Ramón Moreno Grosso nació en Madrid el 8 de diciembre de 1943. Sus primeros pasos en el fútbol fueron los dados en el patio del Colegio de Nuestra Señora del Recuerdo, donde ya era famoso entre sus compañeros, entre loa que se encontraba Luis Aragonés, por la fuerza y el tesón que ponía en todos los lances del juego. Más tarde comenzó a jugar más en serio formando parte del equipo juvenil del Colegio Salesiano de Santo Domingo el Sabio, perteneciente al distrito madrileño de San Blas.

Las dificultades vividas en aquellos tiempos obligaron Grosso a pactar con su padre y, a los 15 años, con el bachillerato primario recién terminado, abandona los estudios y comienza a trabajar para ayudar a la necesitada economía familiar.
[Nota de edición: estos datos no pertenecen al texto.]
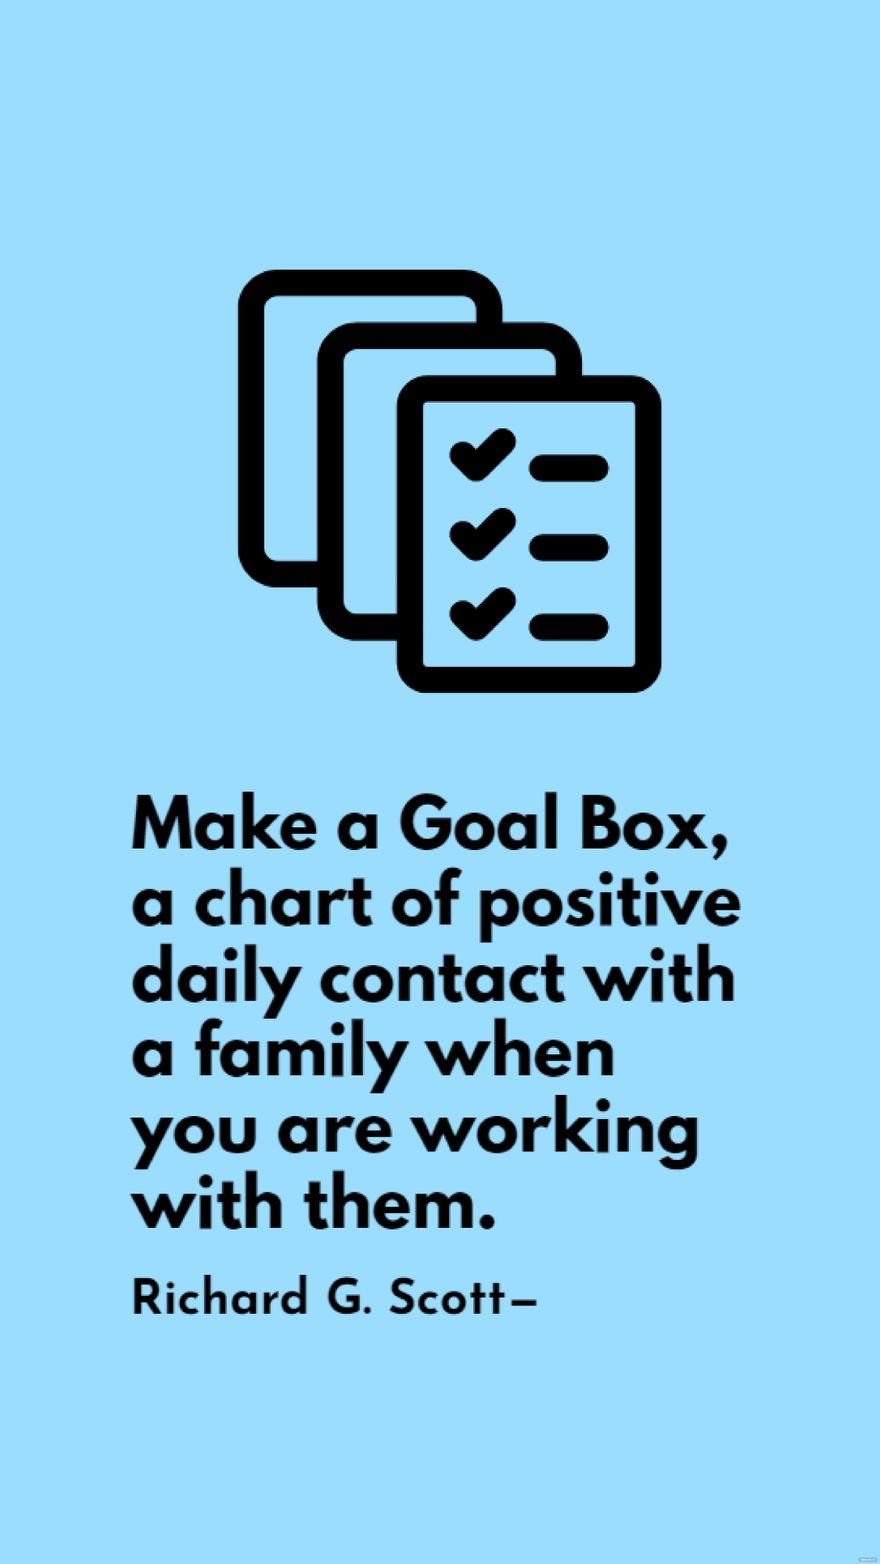 Free Richard G. Scott - Make a Goal Box, a chart of positive daily contact with a family when you are working with them. in JPG
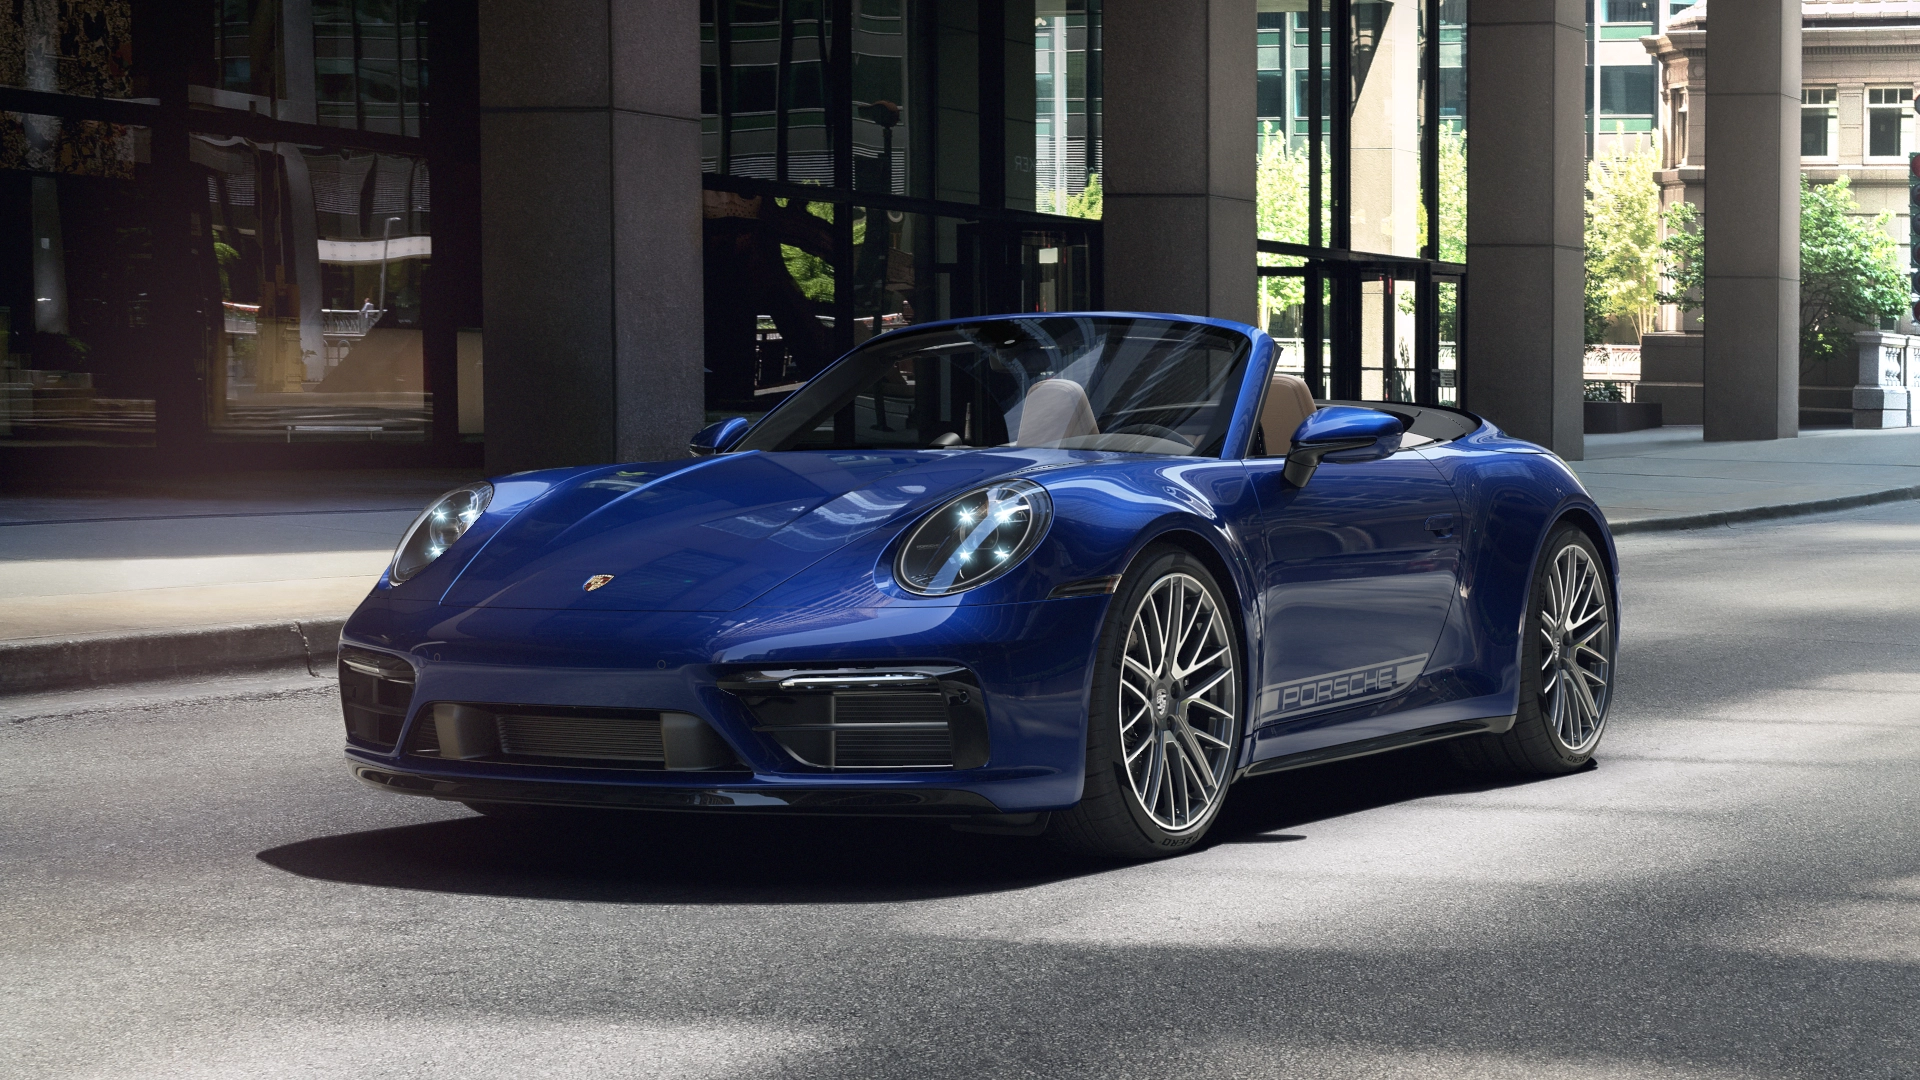 911 Carrera 4S Cabriolet front view

El San Francisco Javier –más conocido por “el Xavier”-, ubicado cerca de la Plaza de Castilla, se convierte en su primer club federado. Este episodio constituye un primer acercamiento al Real Madrid, acercamiento que Grosso se plantea como un reto.

Así, un amigo de su padre le anima a realizar las pruebas con el club blanco, sin embargo, tras el intento, Grosso regresa cabizbajo a casa al contemplar la cantidad de futuros jugadores y su calidad técnica. Sin embargo, Grosso insiste y se presenta a una segunda prueba, donde pone a prueba su rapidez mental. Moleiro, ayudante de Muñoz, le pregunta por el puesto que quería ocupar y Grosso, viendo la cantidad de compañeros que se habían decantado por posiciones atacantes, responde que “de defensa”, con el propósito de estar el mayor tiempo posible sobre el terreno de juego. Al finalizar la prueba le dijeron que había aprobado u que pasaría a integrarse en las filas de los equipos juveniles. Con sólo 15 años, Grosso ya era jugador del Real Madrid.

Sin embargo, la felicidad iba a ser efímera. Con 16 años recién cumplidos, y durante un reconocimiento médico, se le detecta un soplo de corazón y le prohiben practicar cualquier tipo de deporte, truncándose todos sus planes. Esta circunstancia quedaría oculta por su padre hasta casi un año más tarde, cuando volvió a realizarse un electrocardiograma que esta vez dio negativo y pudo volver a entrenar con el equipo juvenil, pasando a los pocos meses al amateur y, más tarde, al Plus Ultra.

Del Plus Ultra al Real Madrid, previo paso por el Atlético

La suerte se alió con este esforzado deportista. El jugador tuvo una fortuna impresionante durante el año 1962. Primero, porque debuta como internacional en los Juegos del Mediterráneo y, mientras España consigue la medalla de bronce, él se convierte en el máximo goleador del torneo. Segundo, porque ese mismo año ficha por el Plus Ultra, en el que permanece seis meses para más tarde incorporarse, directamente, a la disciplina del Atlético de Madrid.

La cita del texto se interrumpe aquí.